__What the exercise asks__:
Without any images, write the listing below out word for word.

__Material provided__:
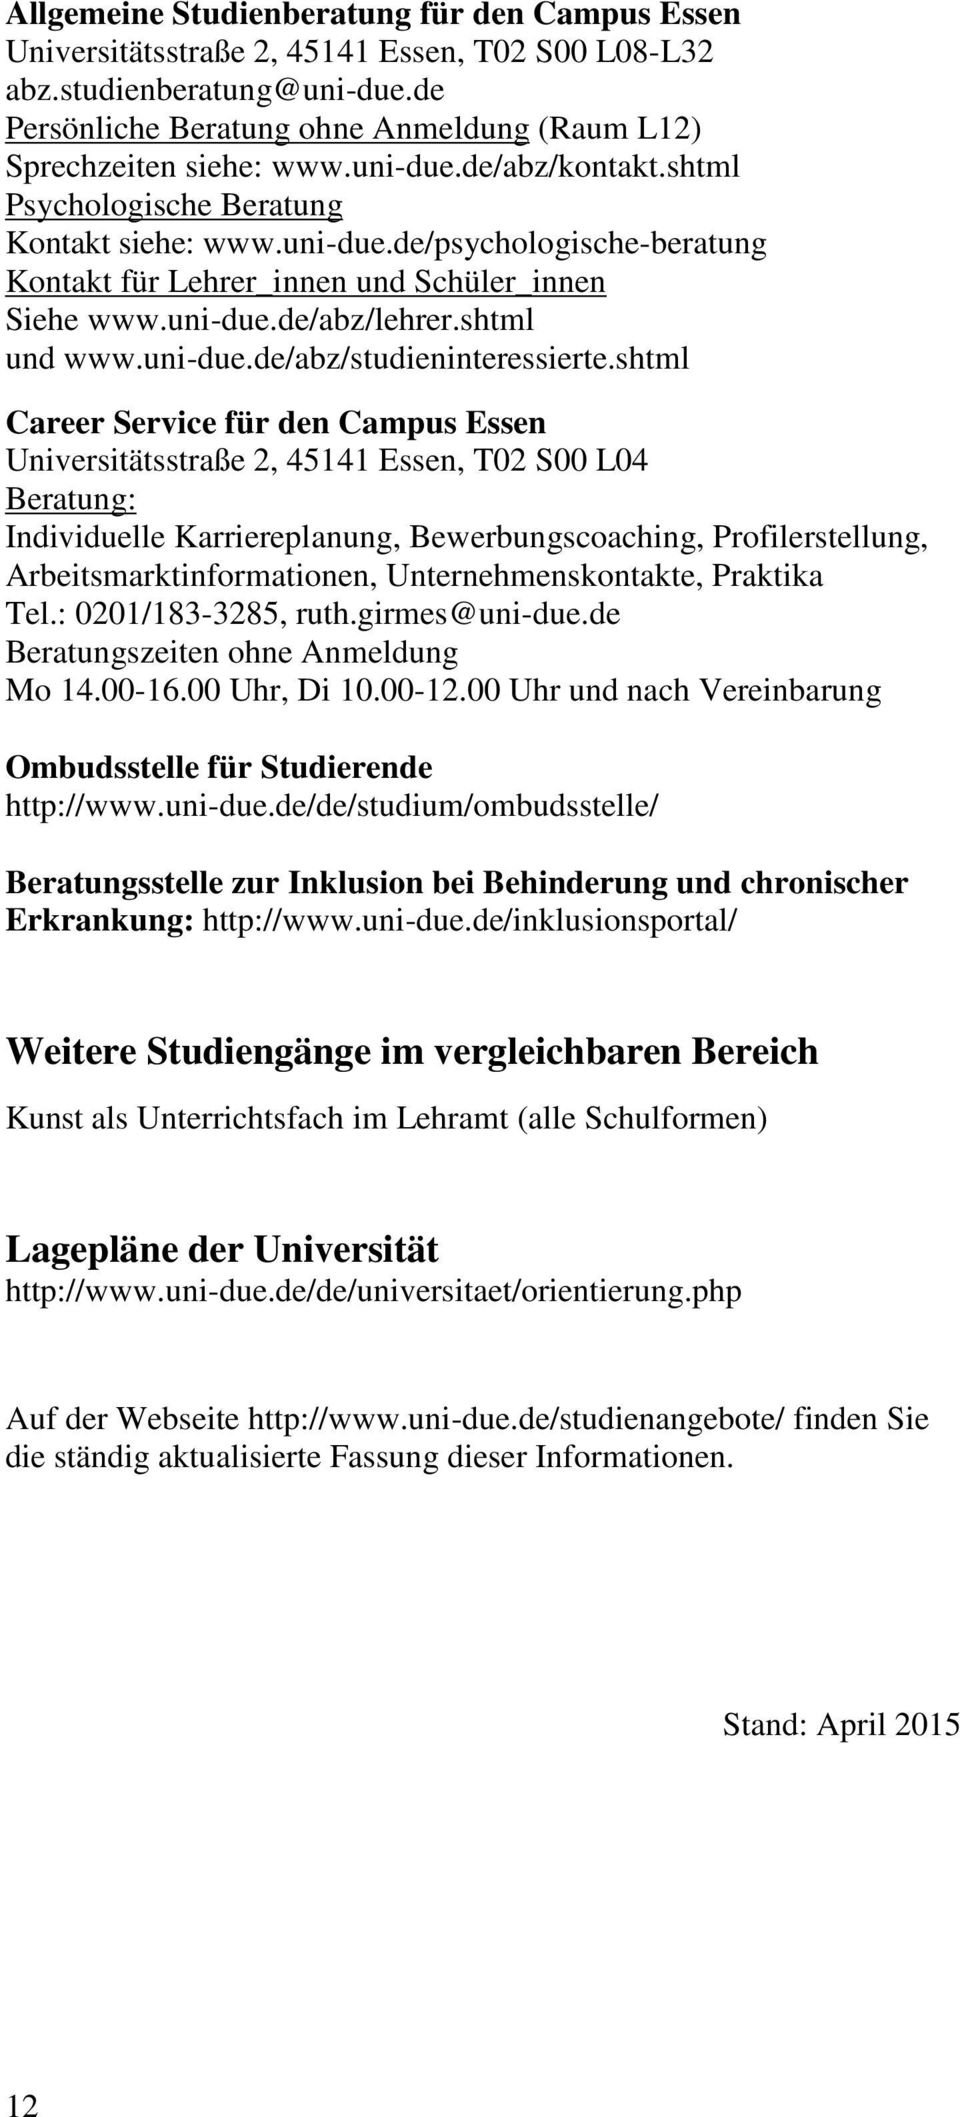 uni-due.de/abz/lehrer.shtml und www.uni-due.de/abz/studieninteressierte.
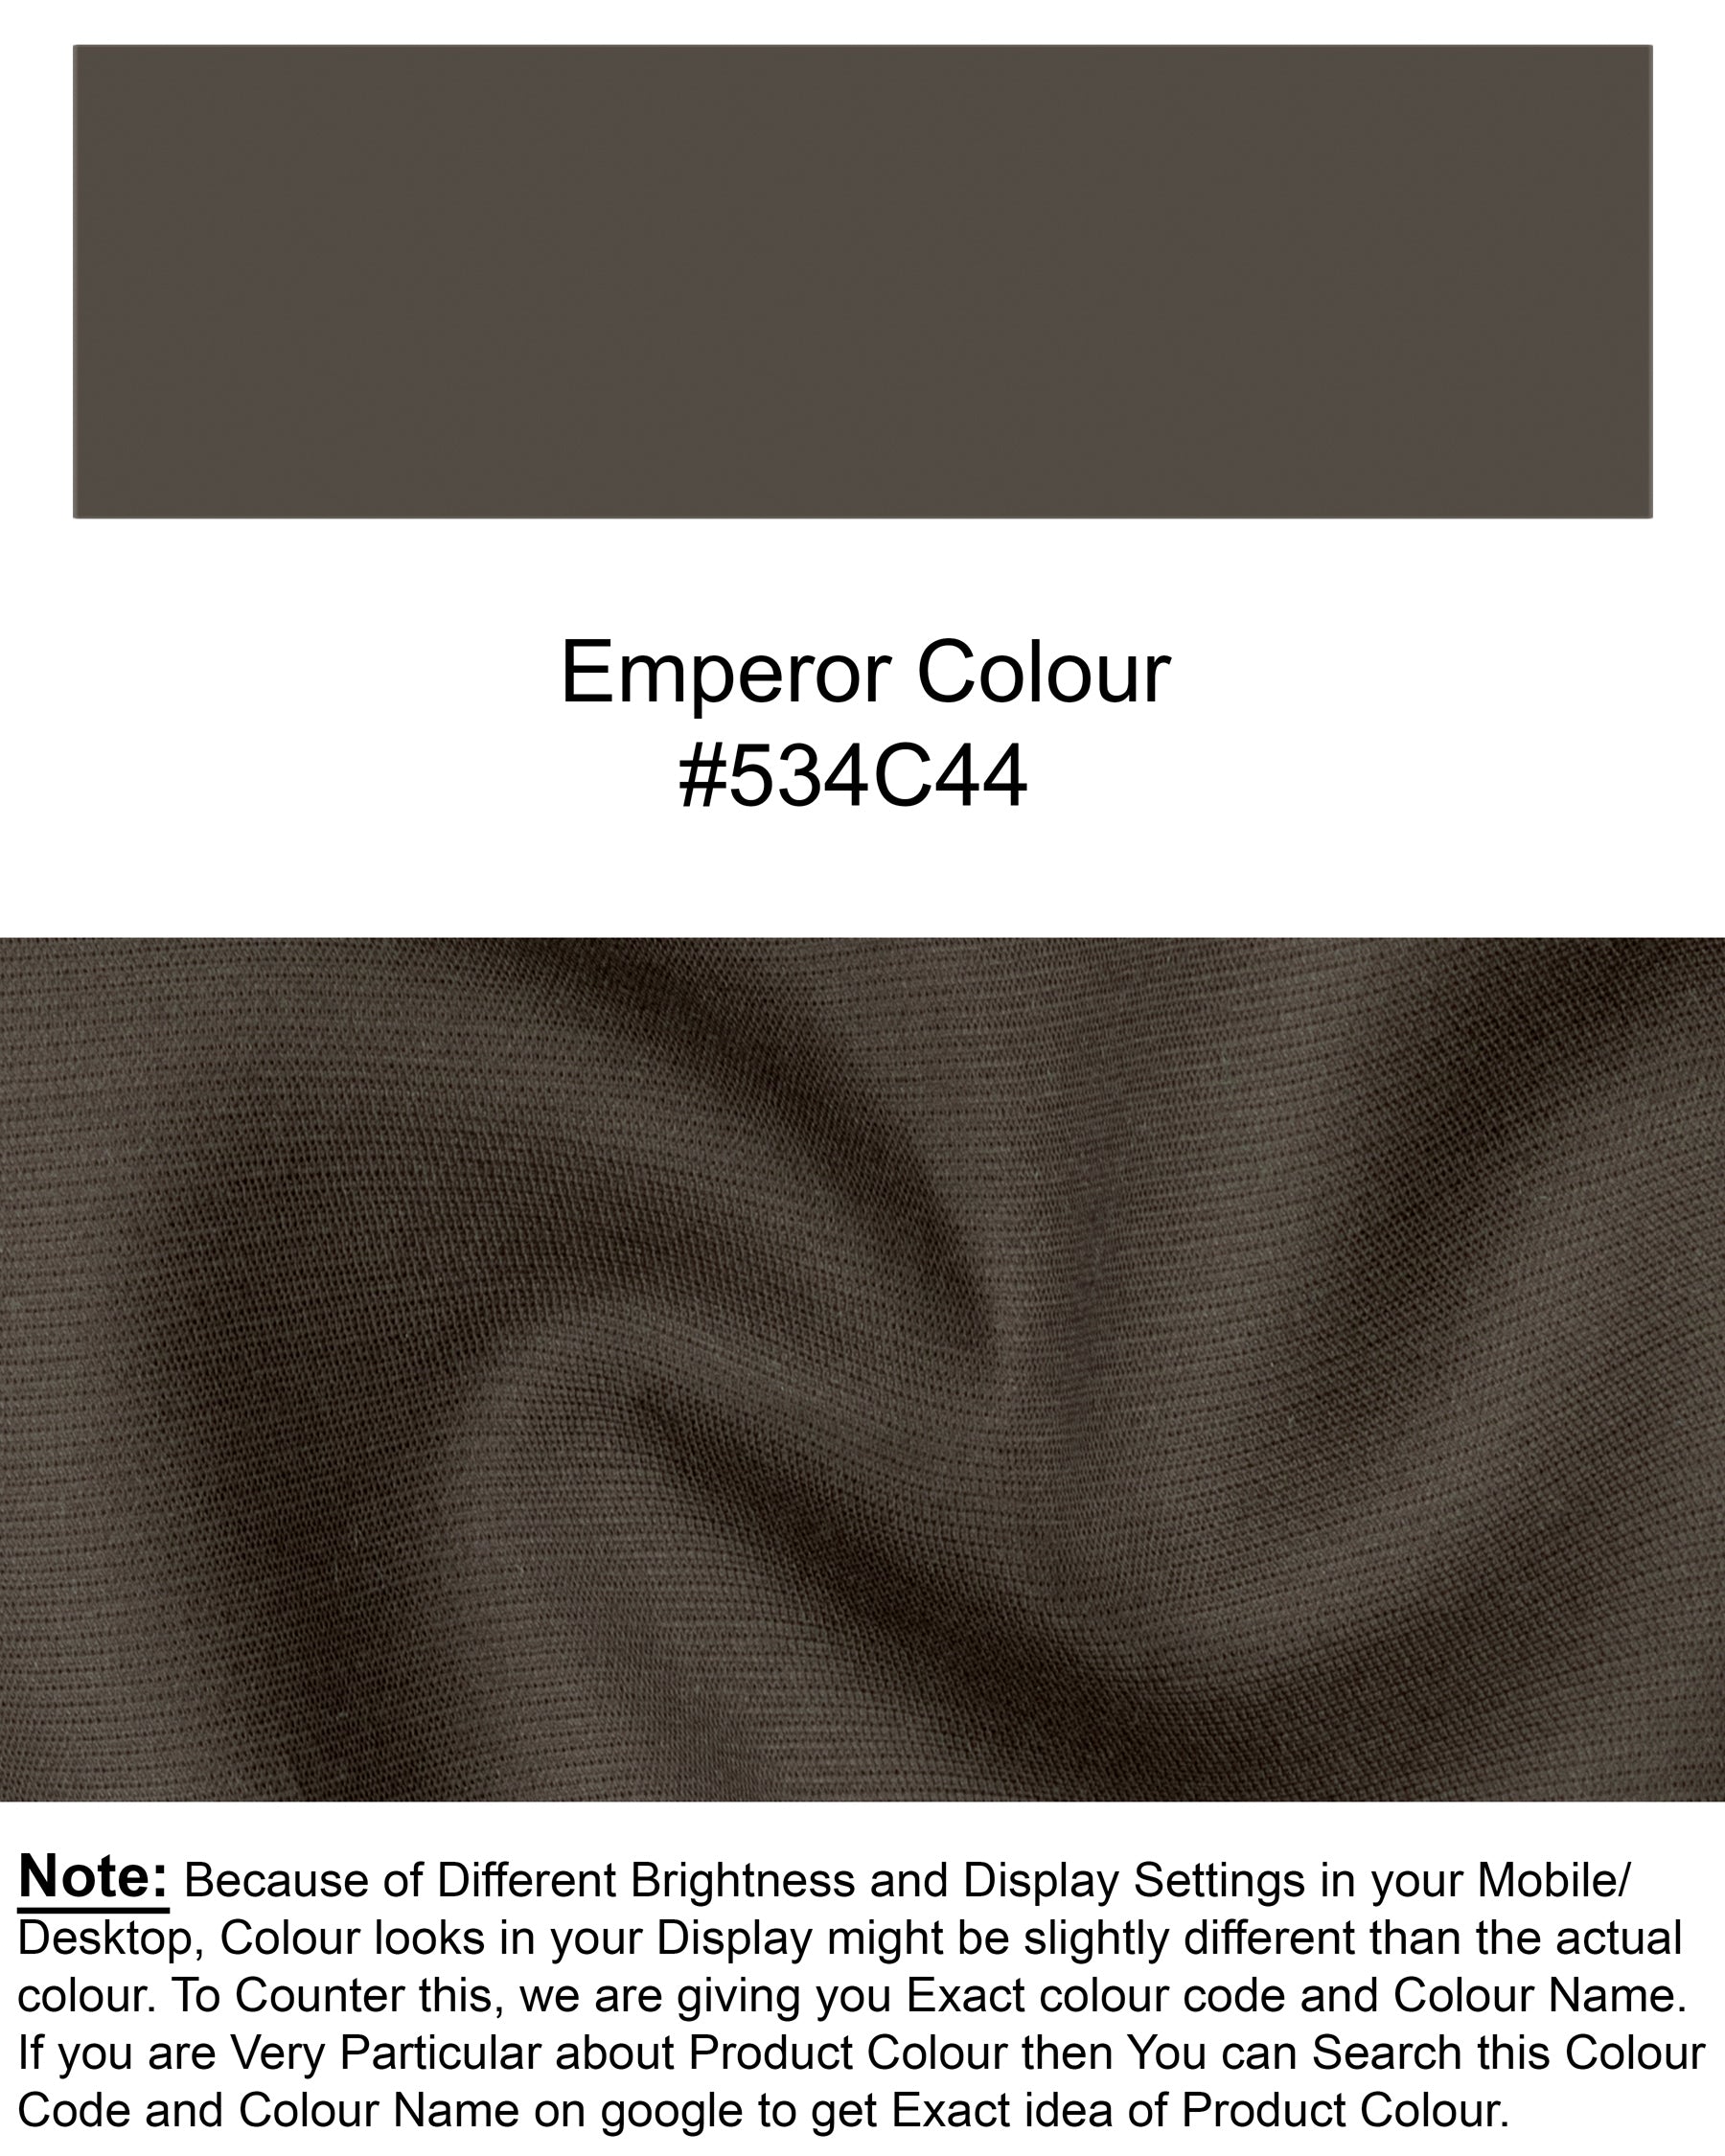 Emperor Brown Premium Cotton Blazer BL1259-SBP-36, BL1259-SBP-38, BL1259-SBP-40, BL1259-SBP-42, BL1259-SBP-52, BL1259-SBP-44, BL1259-SBP-46, BL1259-SBP-48, BL1259-SBP-50, BL1259-SBP-54, BL1259-SBP-56, BL1259-SBP-58, BL1259-SBP-60
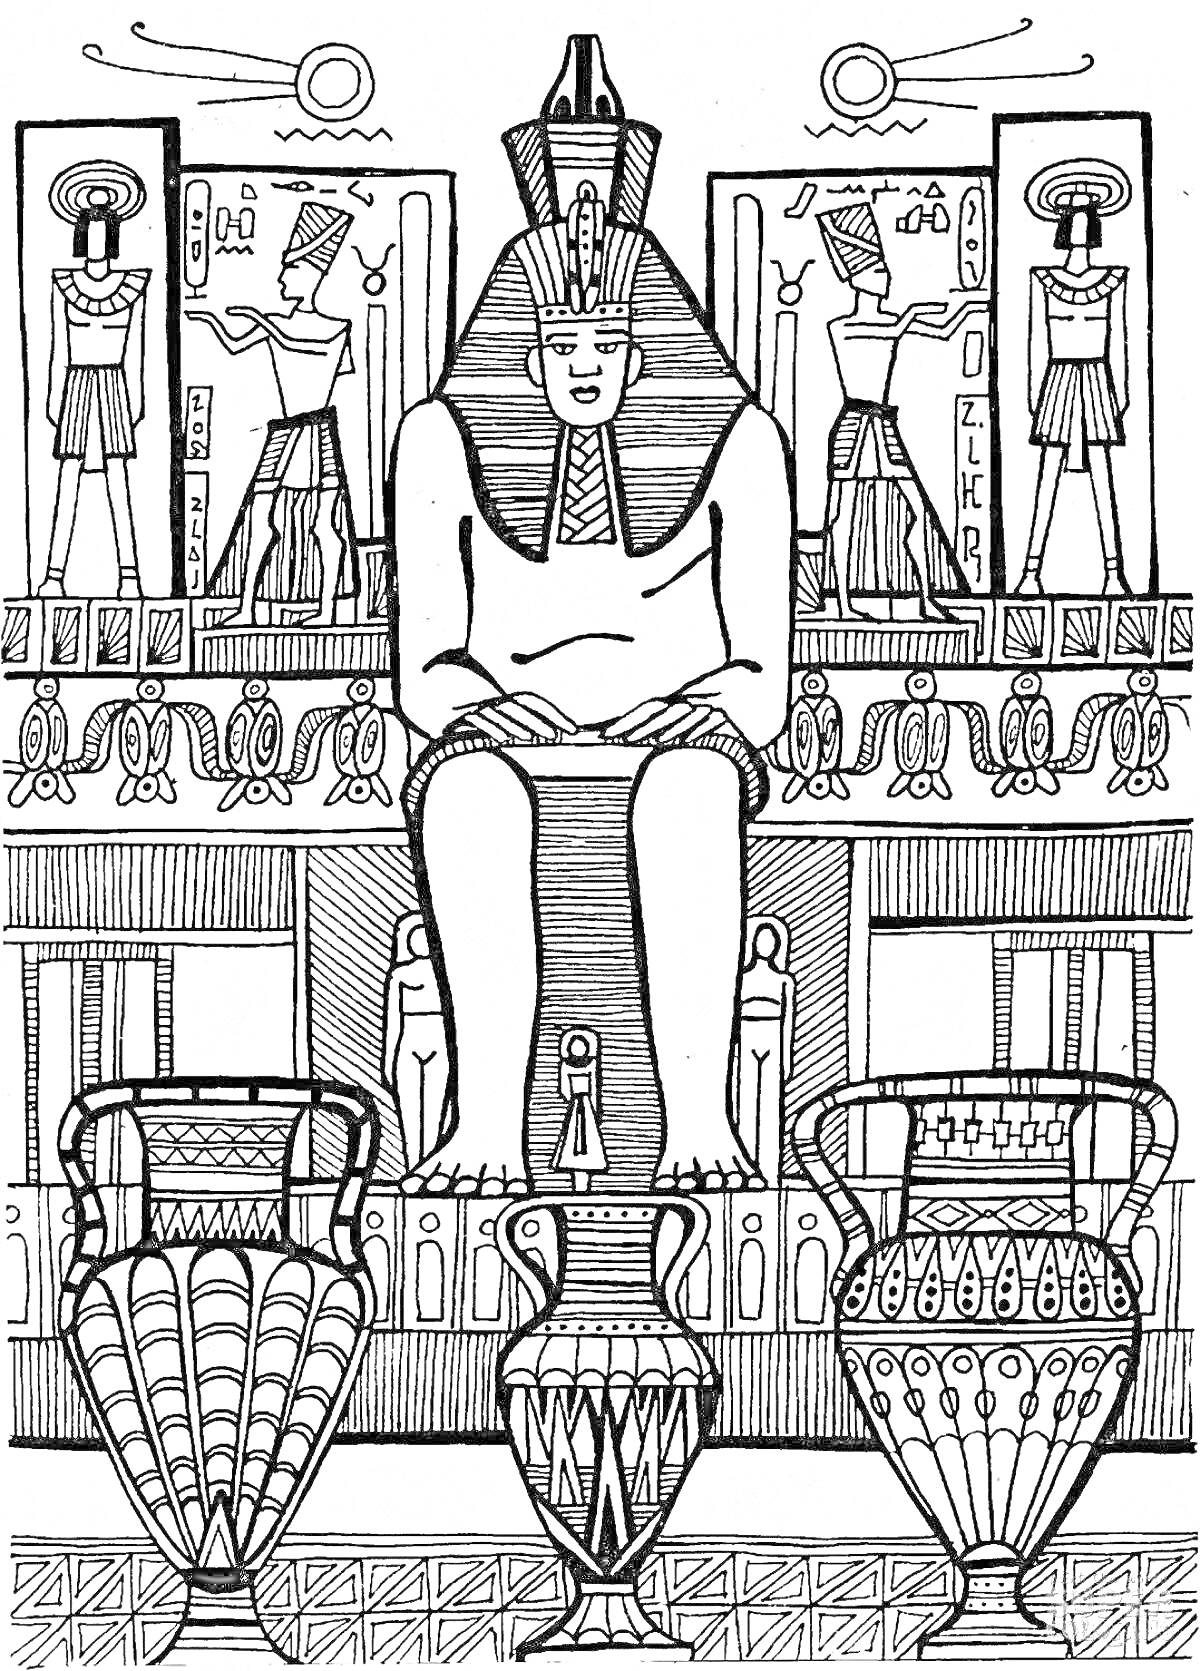 Фараон на троне среди амфор и иероглифов

__Answer to this task__:
 uni-due.de/abz/lehrer.shtml und www.uni-due.de/abz/studieninteressierte.
 Emperor Brown Premium Cotton Blazer BL1259-SBP-36, BL1259-SBP-38, BL1259-SBP-40, BL1259-SBP-42, BL1259-SBP-52, BL1259-SBP-44, BL1259-SBP-46, BL1259-SBP-48, BL1259-SBP-50, BL1259-SBP-54, BL1259-SBP-56, BL1259-SBP-58, BL1259-SBP-60
 Фараон на троне среди амфор и иероглифов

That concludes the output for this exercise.